En noviembre de 2015 lo volvimos a intentar. Tras la primera transferencia decidí que iba a intentar llevarlo con más calma, escucharme menos y confiar en que lo que estaba haciendo (seguir el tratamiento, cuidar mi alimentación y hacer yoga) era lo máximo que podía hacer, el que saliera positivo no dependía al 100% de mí. En esta ocasión tuvimos un positivo y a pesar del sangrado a las 7 semanas por un hematoma que se formó en la placenta y de los pronósticos de un nacimiento prematuro, todo fue mucho mejor de lo que esperaba. Mi útero derecho, donde me implantaron el embrión, respondió estupendamente y el embarazo llegó a término.
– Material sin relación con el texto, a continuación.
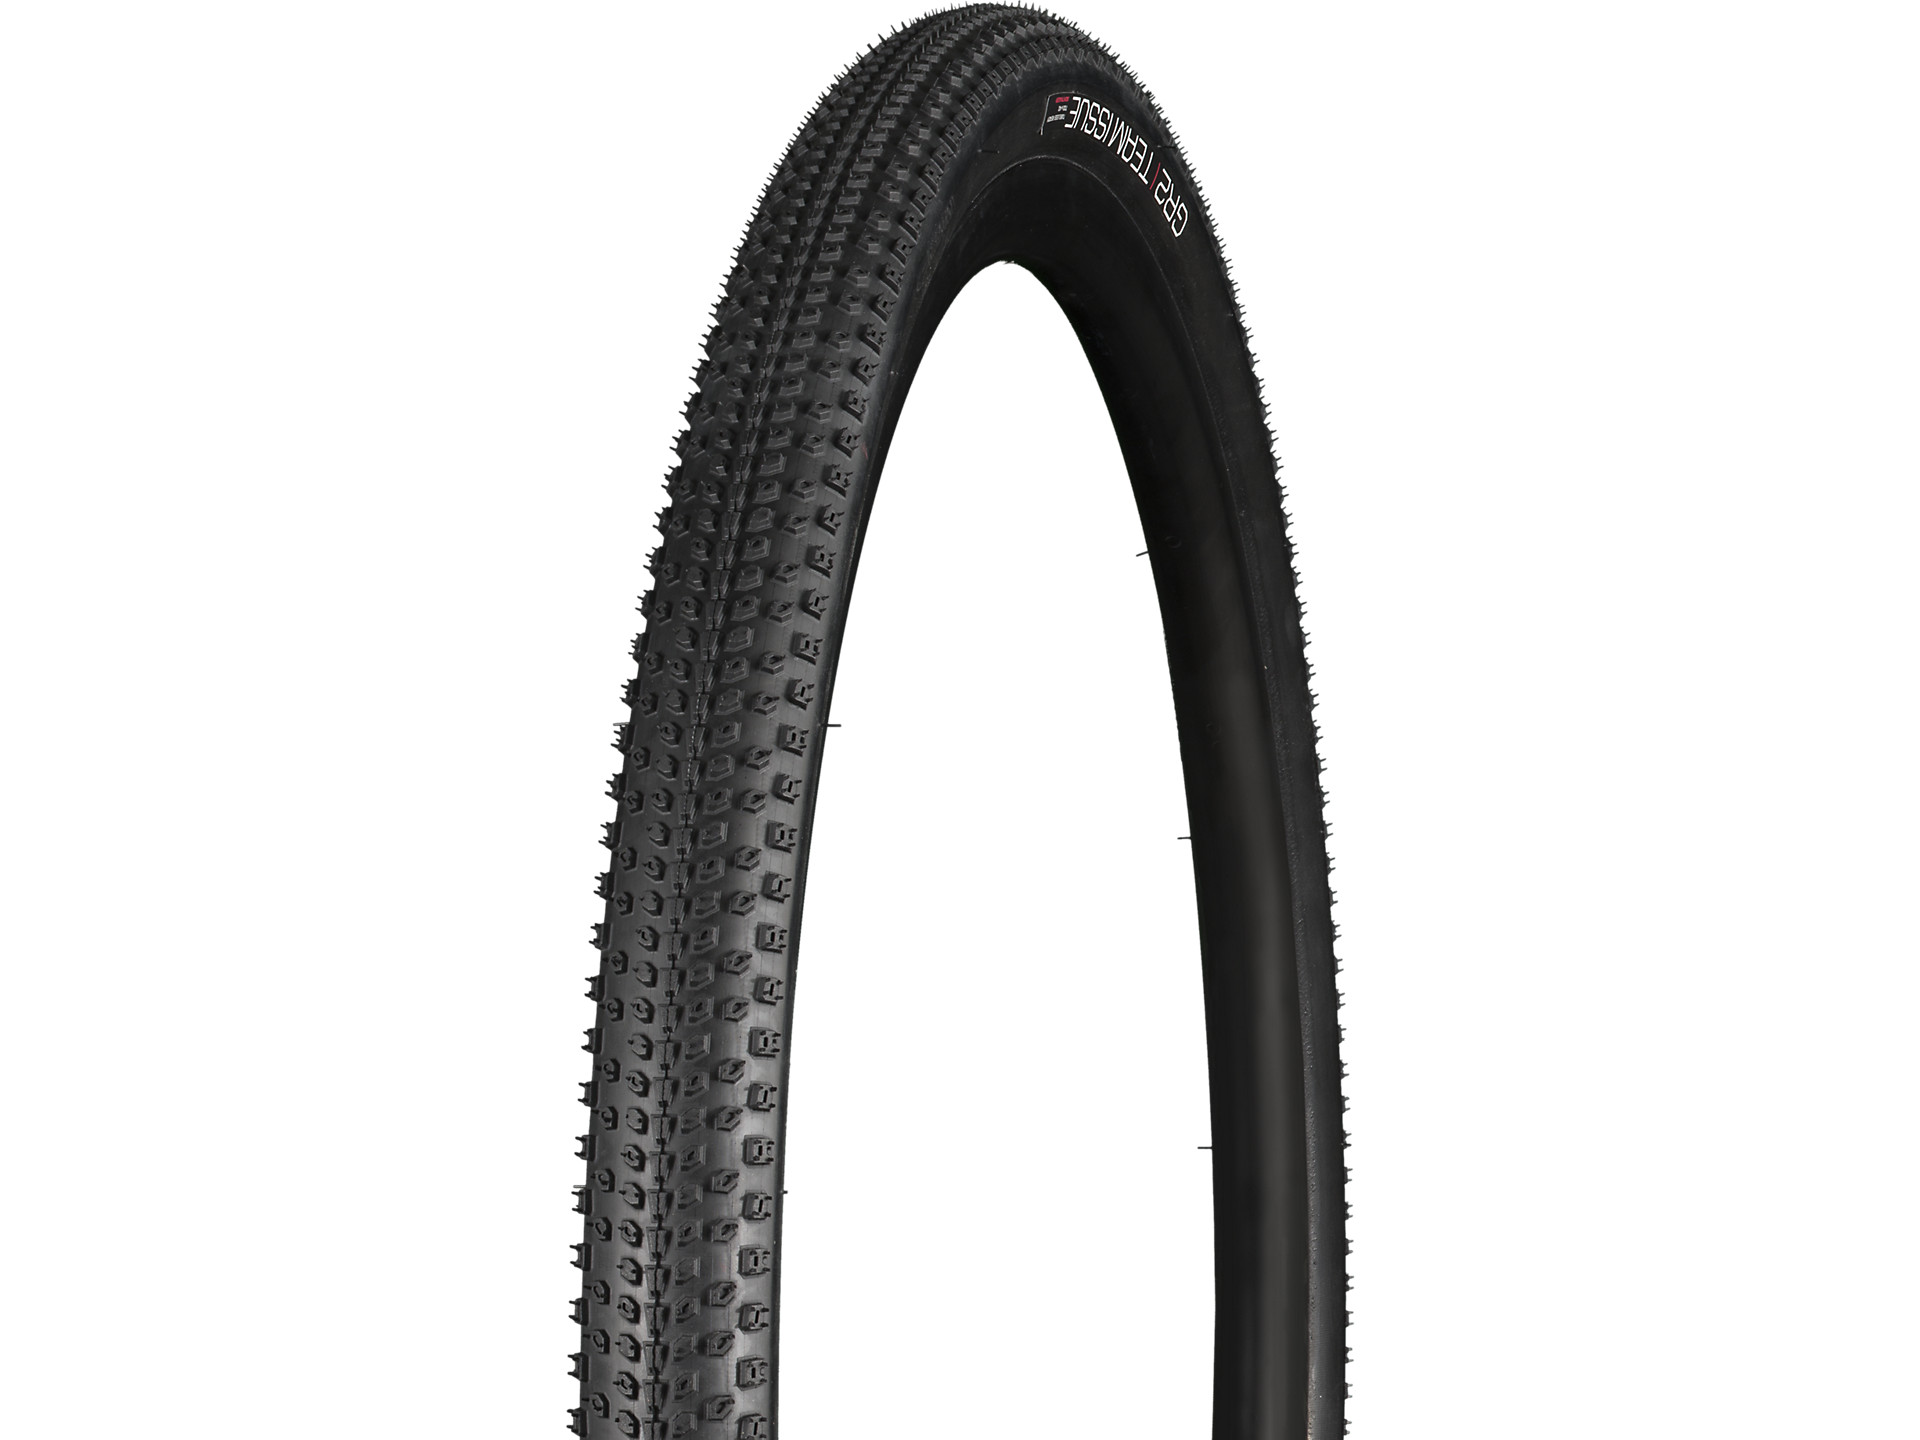 1 or 2 Tire Continental Cyclocross Race 700 x 35C Clincher Bike Tire Gravel 
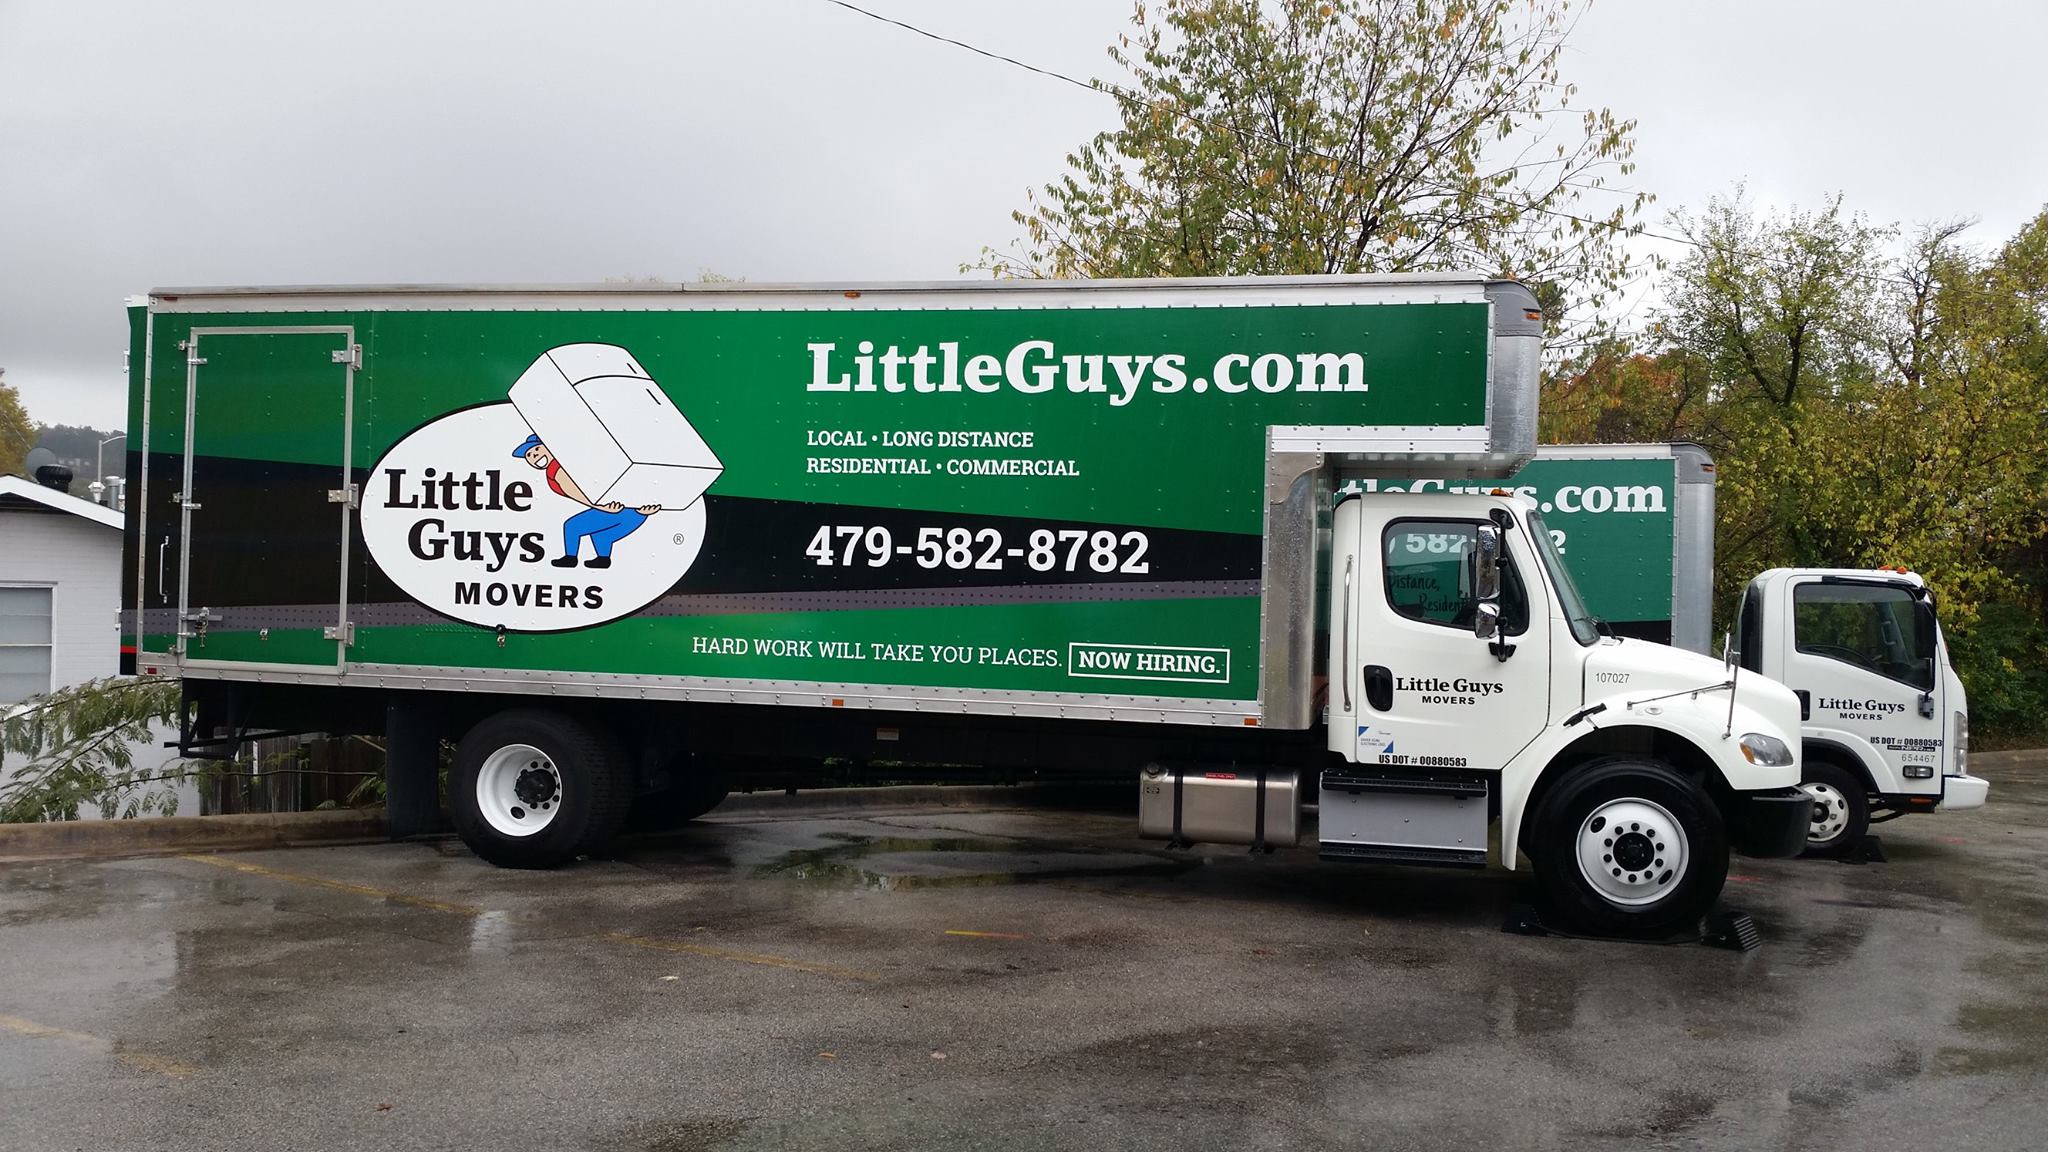 Little Guys Movers truck

En julio de 2016 nació nuestro hijo y en ese momento todos mis miedos y dudas sobre la genética desaparecieron.
Tres años más tarde, en 2019 comenzamos de nuevo para intentar un segundo embarazo con los embriones congelados (teníamos 4). Aunque no era la primera vez que nos enfrentábamos a un tratamiento de fertilidad, los miedos y la ansiedad se sentían como la primera vez. Inicialmente nos habíamos propuesto tan sólo tres intentos. Sentíamos que si en tres veces no obteníamos un positivo, era señal suficiente de que ese no era nuestro camino. Finalmente, nos sometimos a cuatro transferencias de embriones en un año, con pandemia incluida. Mi última FIV fue en julio de 2020, y como os podréis imaginar, en ninguna de ellas obtuvimos un resultado positivo. A día de hoy, estoy feliz porque he tenido la oportunidad de ser madre, lo que es más de lo que inicialmente esperaba, pero mentiría si dijera que no me afectó ni me sigue afectando el no haber conseguido dar un hermano a mi hijo.
Como cualquier experiencia en la vida, mi camino personal en todo este proceso también me ha aportado algún aprendizaje. Que conseguir un positivo y que todo salga bien no depende al 100% ni de ti ni de tu pareja, así que, suelta un poco de responsabilidad y confía en que si tiene que ser será, y que para mí ser madre es algo mucho más grande y más profundo que compartir genes.